Я пред тобой, о, вечности равенство! —

У полных тайны врат…

Возьми свою расписку на блаженство:

Она цела — не знал я совершенства;

Возьми ее назад.

 

Иван — весь отрицание. Нечеловеческую ношу взвалил на себя этот «русский мальчик». Но есть в Иване глубинное начало, сохраняющее его личность от распада. Это карамазовское приятие — вопреки всему — жизни. Символом его становятся для героя «клейкие, распускающиеся весной листочки» — образ, почерпнутый, вероятно, из пушкинского стихотворения «Еще дуют холодные ветры…» (См.: Бочаров С.Г. О двух пушкинских реминисценциях в «Братьях Карамазовых» // Материалы и исслед. Л., 1976. Т. 2. С. 152.)
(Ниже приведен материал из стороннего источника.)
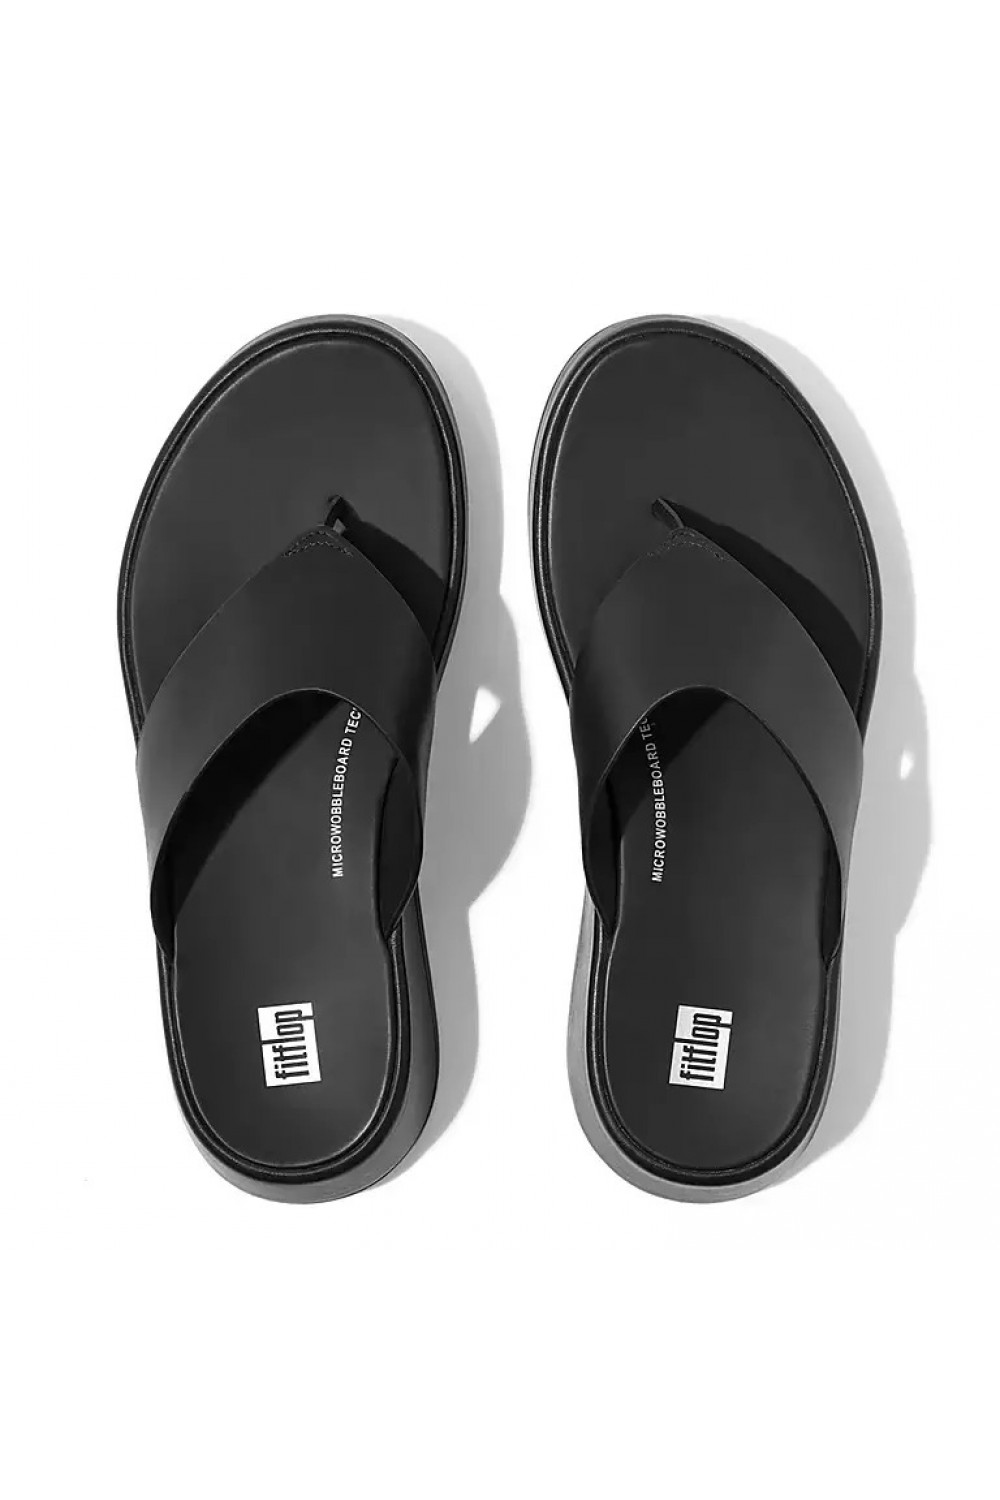 Fitflop F-MODE Luxe Leather Flatform Toe-Post Sandals All Black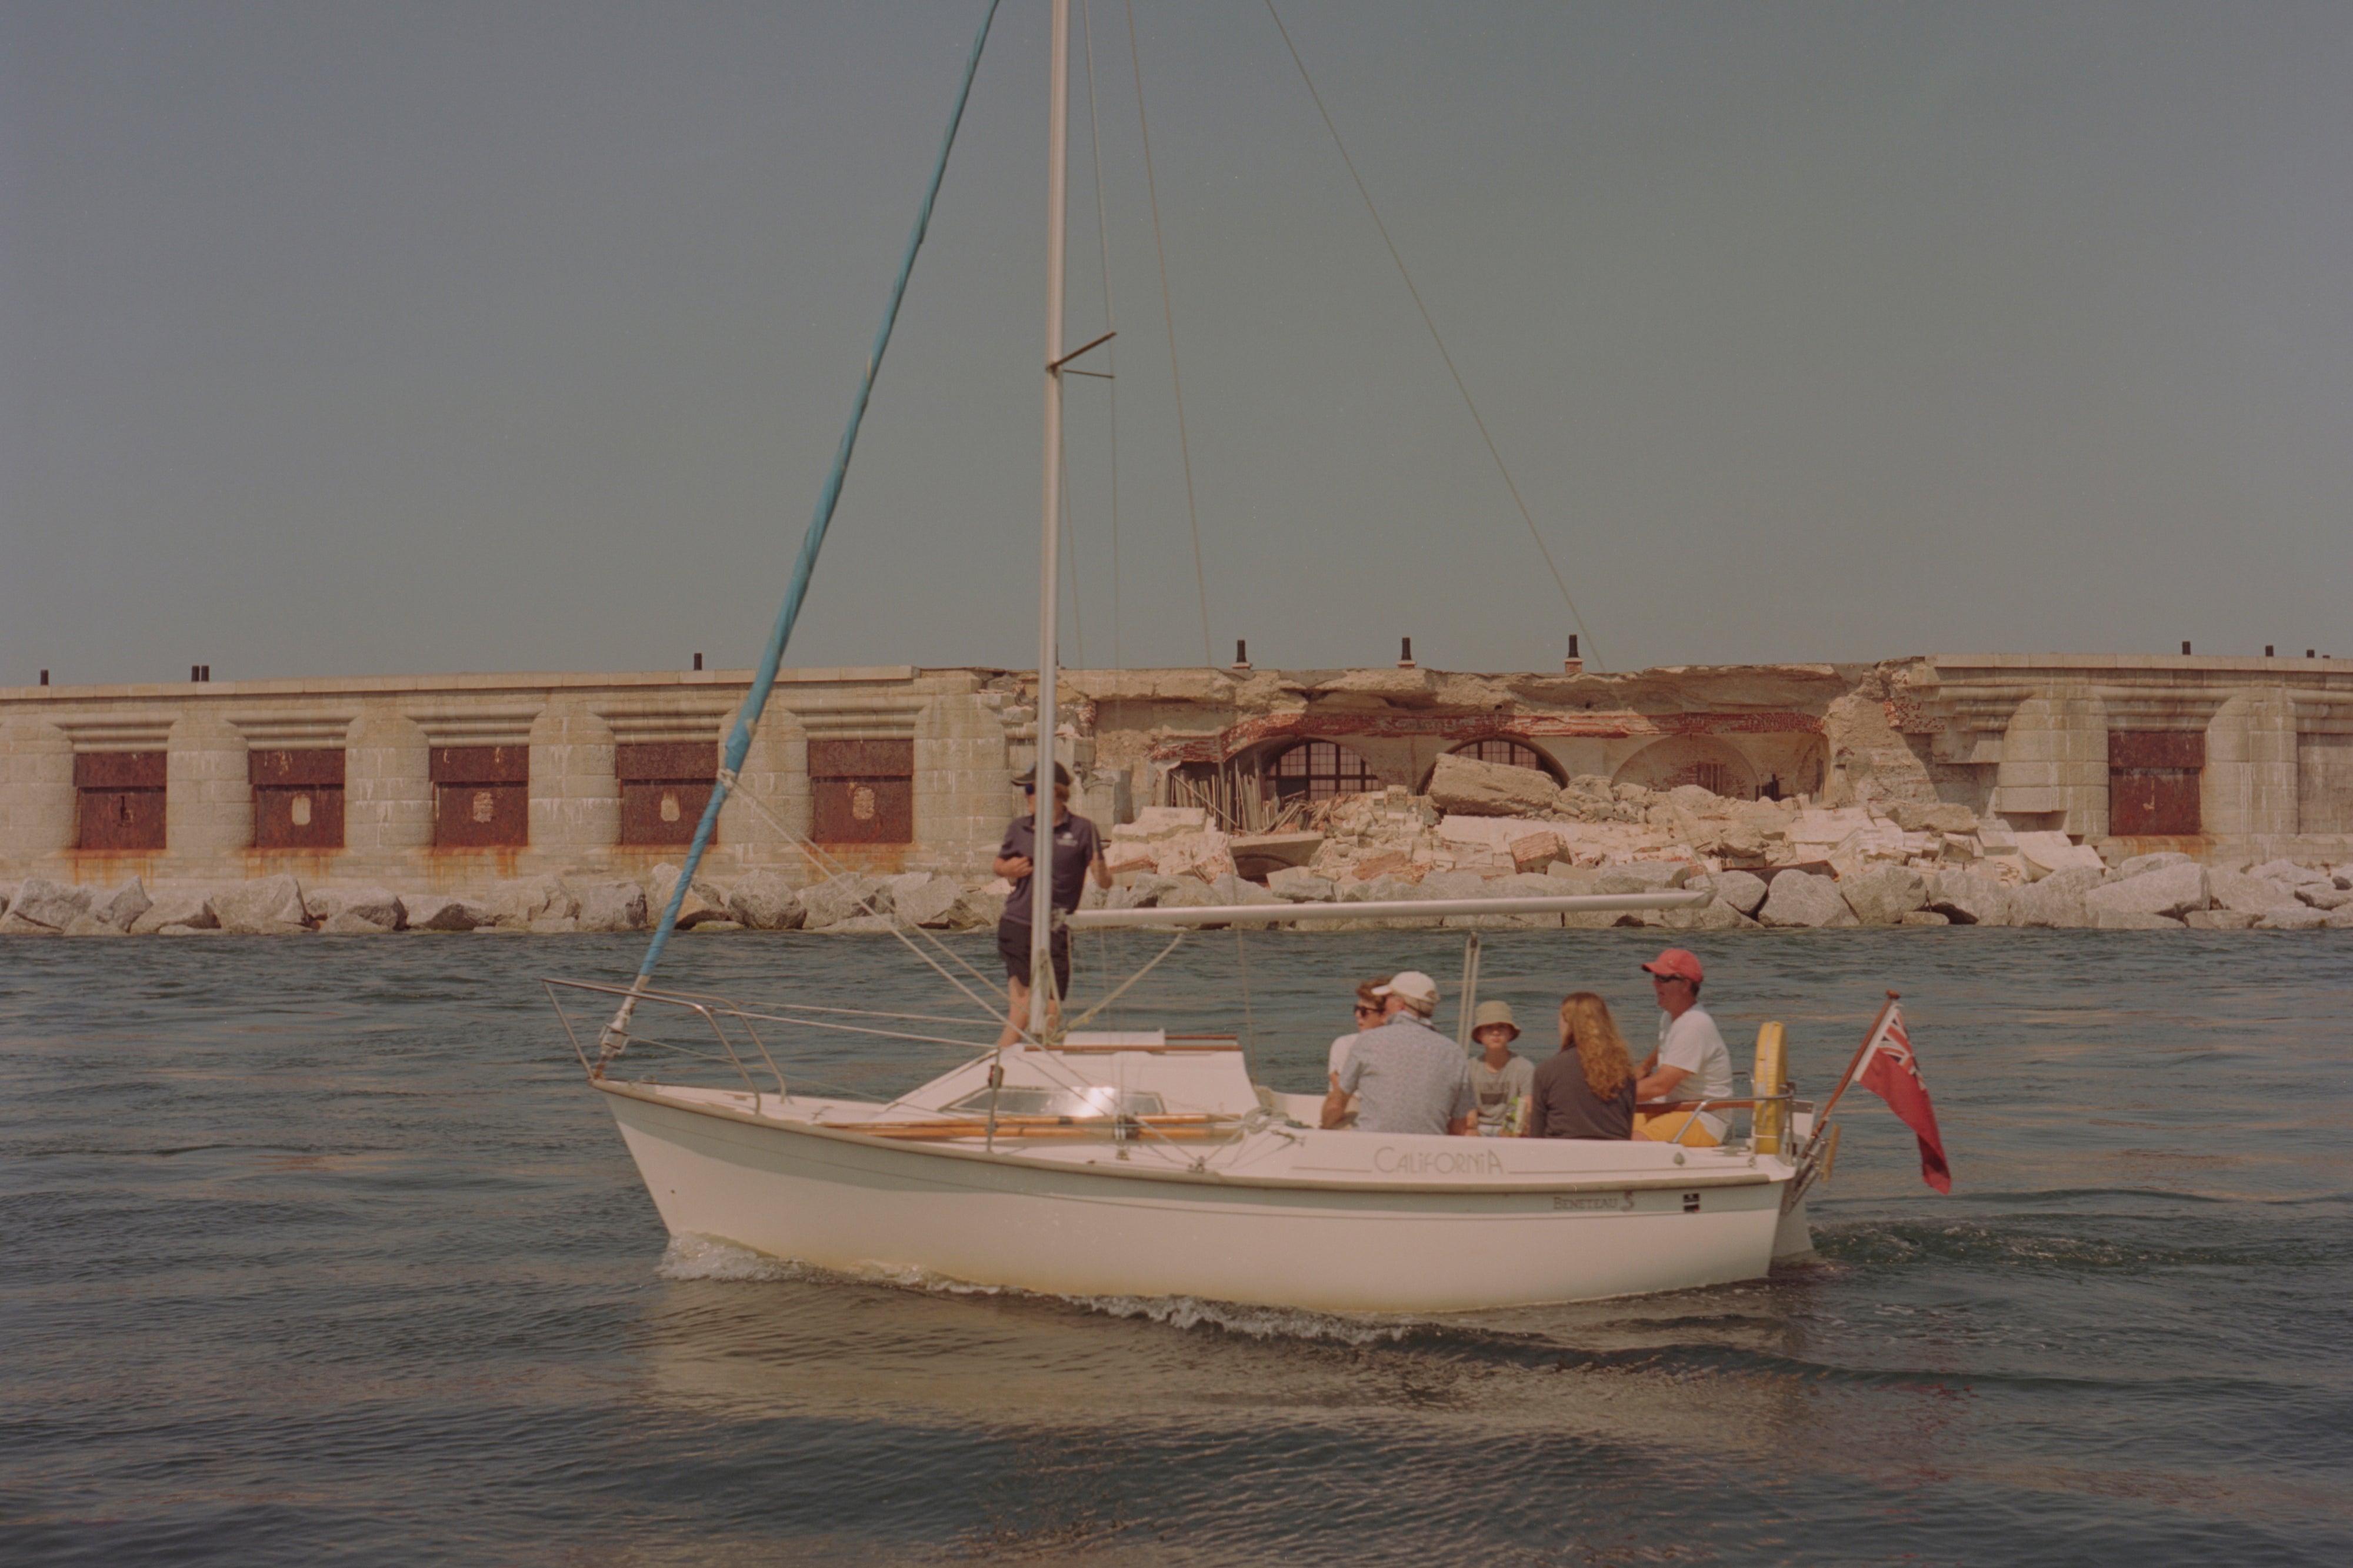 A sailing boat passes by Hurst Castle, alongside the collapsed wall of the east wing

Иван и Алеша — антиподы. Гордыне разума Иана с его формулой «все позволено» Достоевский противопоставляет смирение, чистое сердце Алеши. Об Алеше-читателе почти ничего не сказано. Послушник, он не цитирует даже библейские тексты. Однако в романе есть описание непосредственного восприятия героем Евангелия. Усталый, засыпающий, он слышит чтение Евангелия у гроба старца Зосимы. При этом «что-то горело в сердце Алеши, что-то наполнило его вдруг до боли, слезы восторга рвались из души его…»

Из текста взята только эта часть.